9 ways I keep my Testosterone Levels High – Test of Time

9 Ways I Keep my Testosterone Levels High - Test of Time

Introduction

I began testing my testosterone levels a couple of months after starting with ketosis (the metabolic state where fat becomes the primary source of energy). It was March 2014 and my levels ~400 ng/dL. That’s average to low for a person my age.

I suspect my pre-ketosis levels were even lower because from what I’ve researched, if well-formulated, a ketogenic diet can improve testosterone levels. In a matter of months, I’ve been able to raise my levels to ~ 850ng/dL and they’ve been mostly constant ever since. See more here.

I wrote about this experiment in detail in my book T-R(x) – The Testosterone Protocol, but I want to re-emphasize the 9 major interventions I made to improve my T levels.

9 Strategies I use to Keep my T Levels High

Sadly, over the last few decades there’s been a declining trend in testosterone levels in men, and this is not due to the aging process. See these resources for a more in-depth view. A more simple way to know what we’re dealing with is to do this: whenever you’re in a public location, try to spot men that do not have bellies. Can you? Abdominal fat has been shown numerous times to be inversely correlated with T levels. I’ve discussed the mechanisms of this in the book.

  1. Well formulated Very-Low-Carb-Low-Calorie-Ketogenic nutrition (without carb-loading)

It should be self-explicative. Ever since I started with ketosis in Sept. 2013, I purposed to maintain this state constantly. The benefits of keto-adaptation have made me become addicted to this ketosis. Carb-loading would kick me out of ketosis. Besides, I don’t need it.

My lifting performance has never been better. However, it took more than 6 months of constant ketosis to recover my pre-ketosis (higher-carb nutrition) performance in the gym and with my kickboxing practice.

Very few folks are willing to do this. More on this in my upcoming course, Ketosis+IF.

  1. Heavy Lifting Protocol + HIIT Protocol

I began doing heavy lifting immediately after starting with ketosis. I was training once a week by following a very high intensity strength training protocol (with slow repetitions). Ketosis allowed me to recover faster between workouts (ketosis + CT, in fact). Then I started training more frequently. Now I go to the gym multiple times per week (higher volume). I keep the intensity and slow movements though.

Some research shows that compound movements (involving multiple joints and bigger muscle groups) are positively correlated with T levels. So, if you lift and you want to have higher T levels, make sure you don’t skip leg days (especially squats and dead-lifts).

  1. Intermittent Fasting

Intermittent fasting (IF) is a meal timing strategy where you condense all your meals to a specific time frame (feeding window). IF has two major components: fasting and feeding.

You fast for a number of hours everyday and then you eat during your feeding window. Most folks practicing IF use the 16/8 method – 16 hours of fasting and 8 hours of eating.

My personal protocol is a bit more difficult.

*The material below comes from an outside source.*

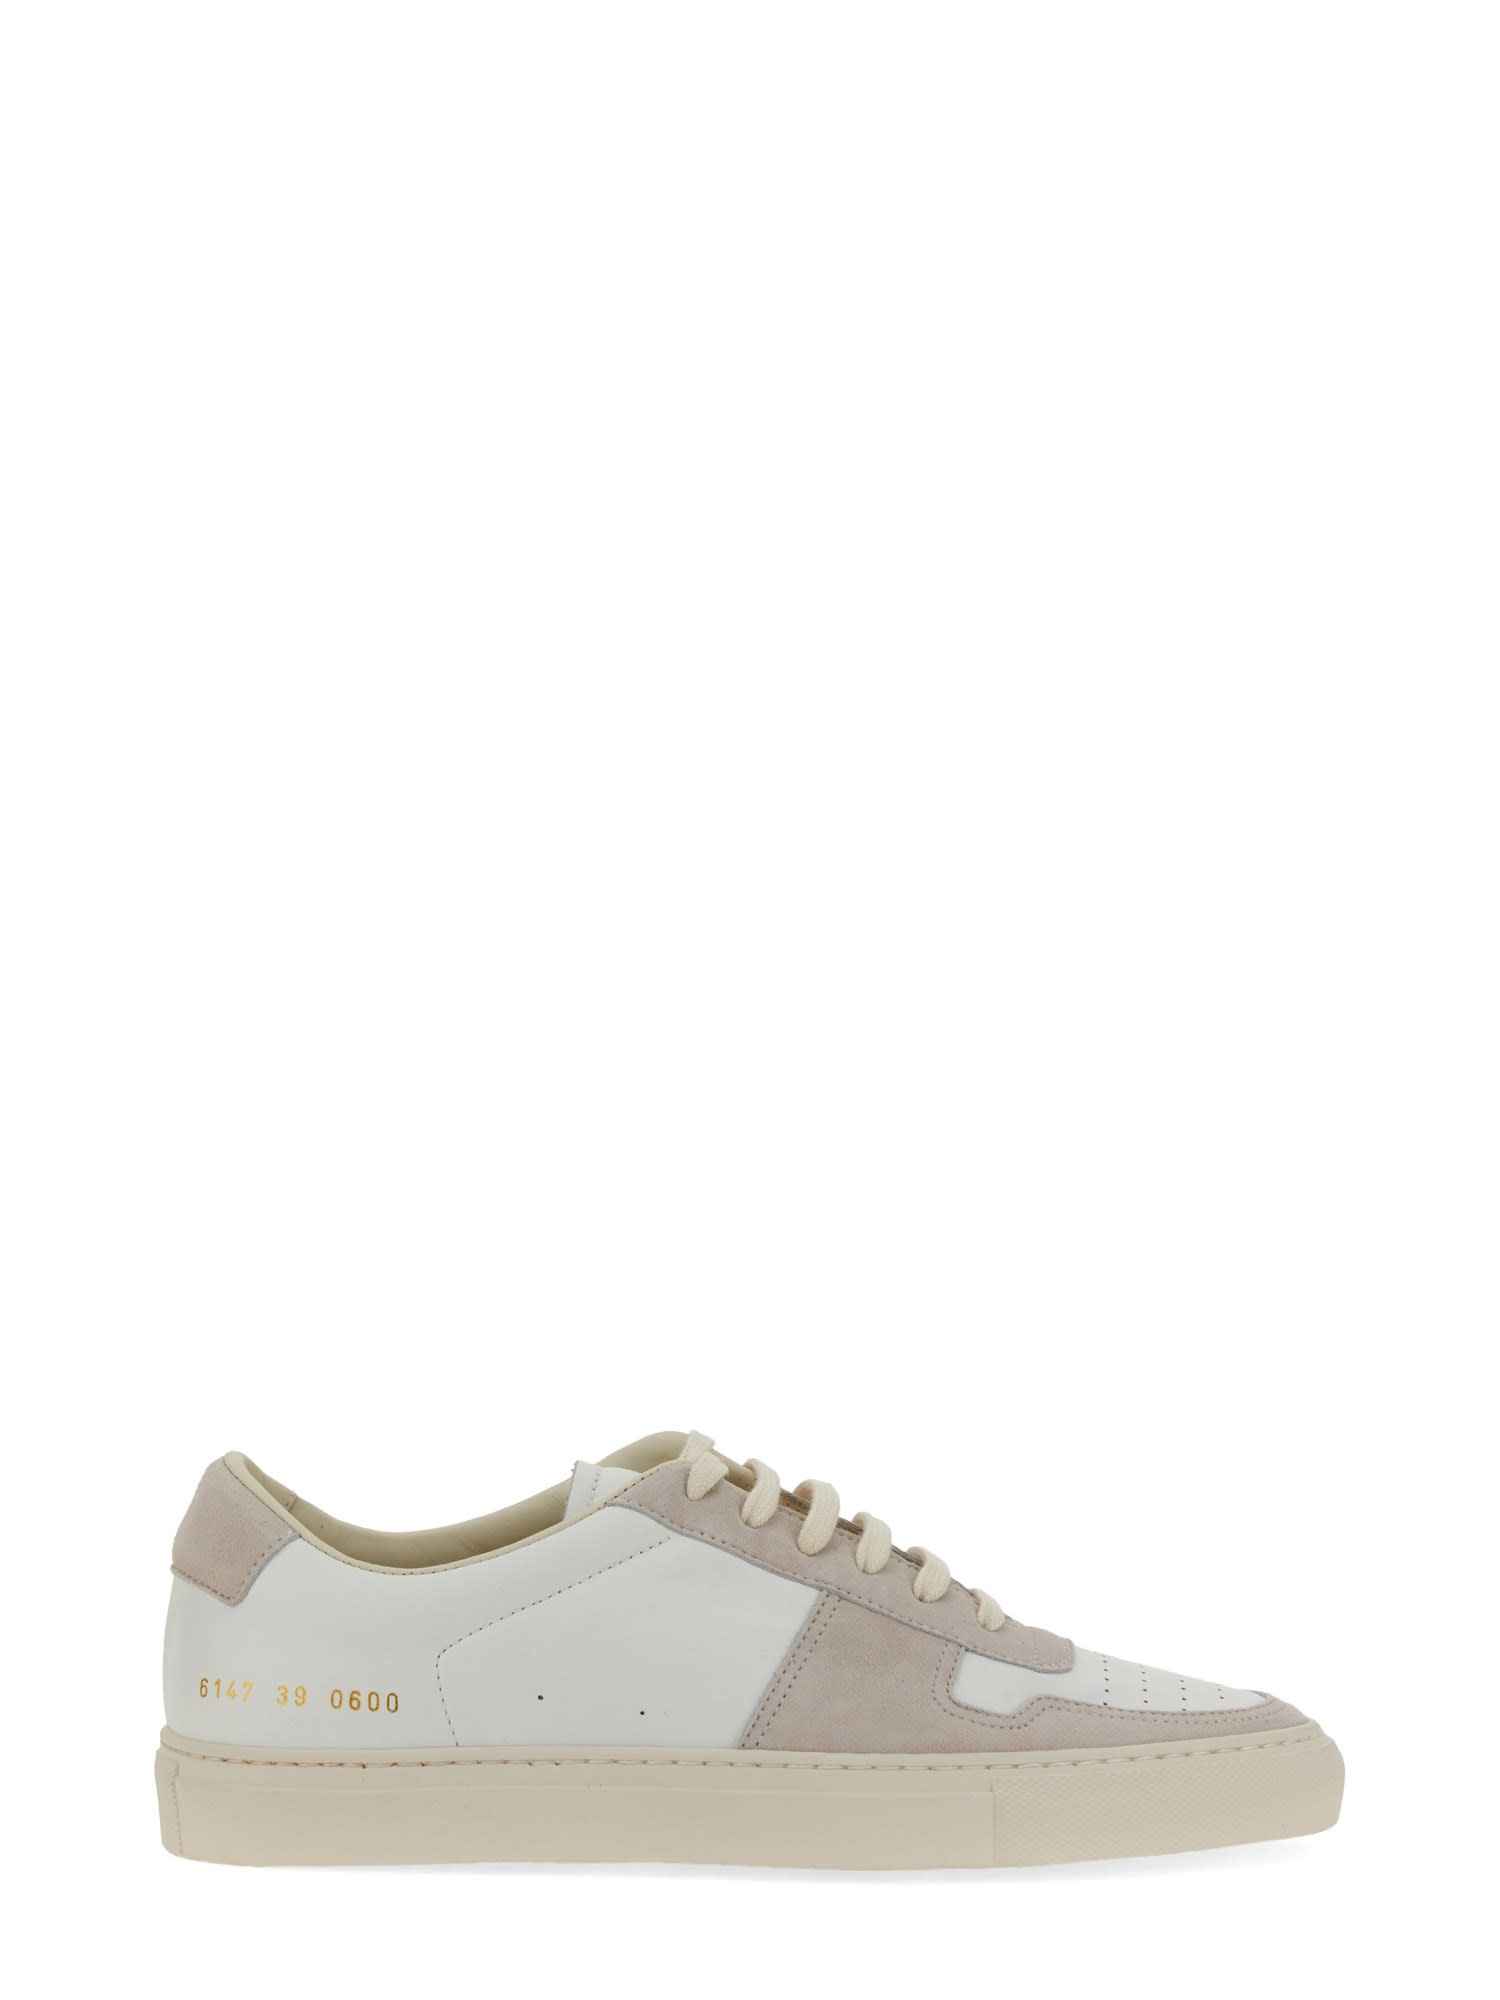 COMMON PROJECTS BBALL SNEAKER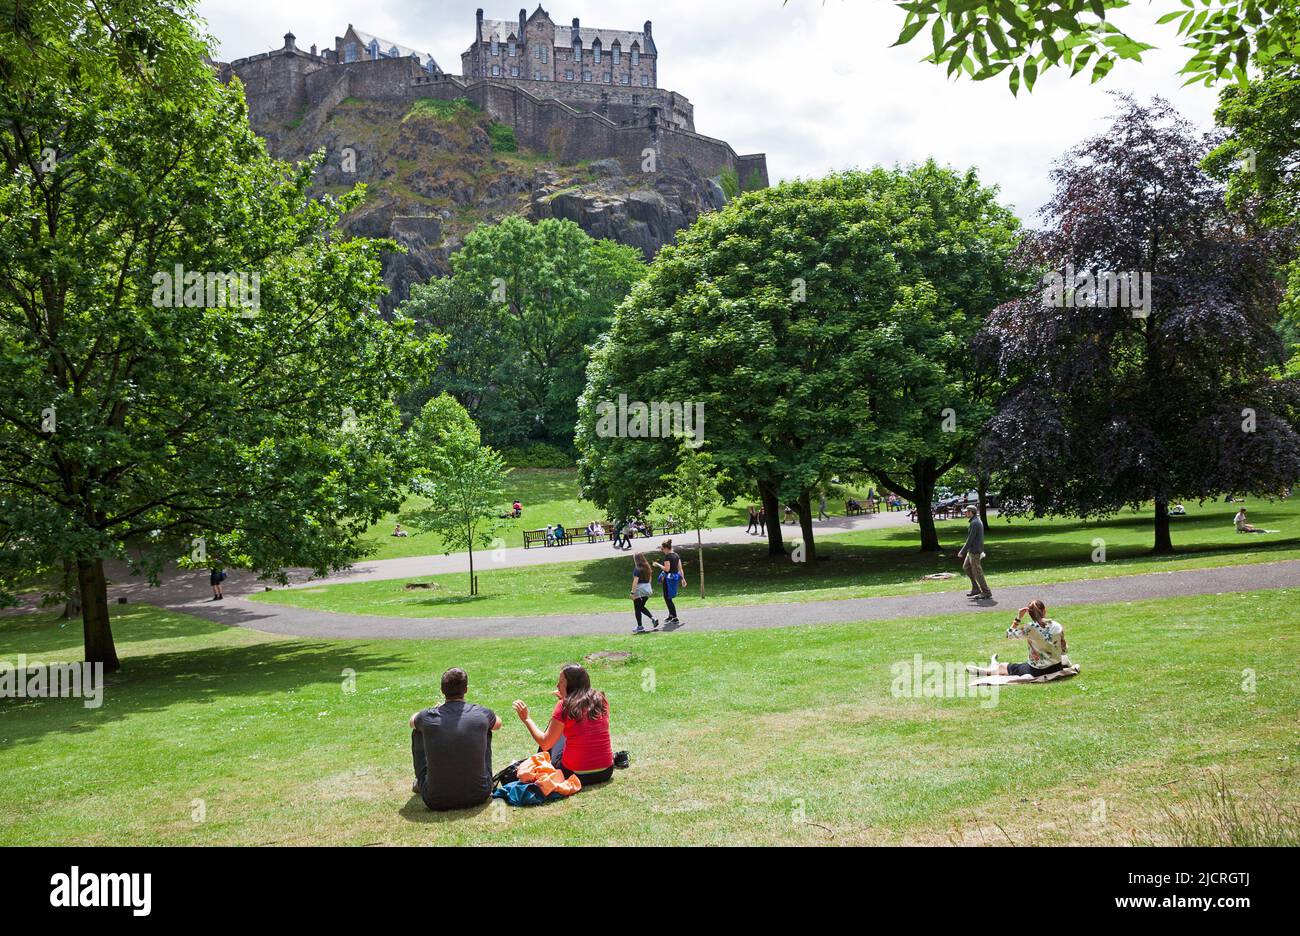 Edinburgh city centre, Scotland, UK. 15.06.2022. Summer arrives in the city after a recent cool cloudy period of weather. Mid-afternoon temperature of 18 degrees centigrade encouraging people out into the city's green spaces. Pictured: People relax in the sunshine in Princes Street Gardens West under the shadow of Edinburgh Castle Credit: Scottishcreative/alamy live news. Stock Photo

I do the 18/6 – I fast for 18 hours everyday and consume all my food in the remaining 6 hours – the feeding window. On one side I find it very convenient because I am never hungry (possibly due to keto-adaptation and its aggressive hunger suppressing effect); secondly it’s most convenient because I don’t think/obsess about food every 2-3 hours. It helps me be more productive.

  1. Cold Thermogenesis

Cold thermogenesis, cold exposure, or cold therapy is something that most people will not engage in for the long term because if it’s done right, it makes you feel miserable. So, that’s a deal breaker for many…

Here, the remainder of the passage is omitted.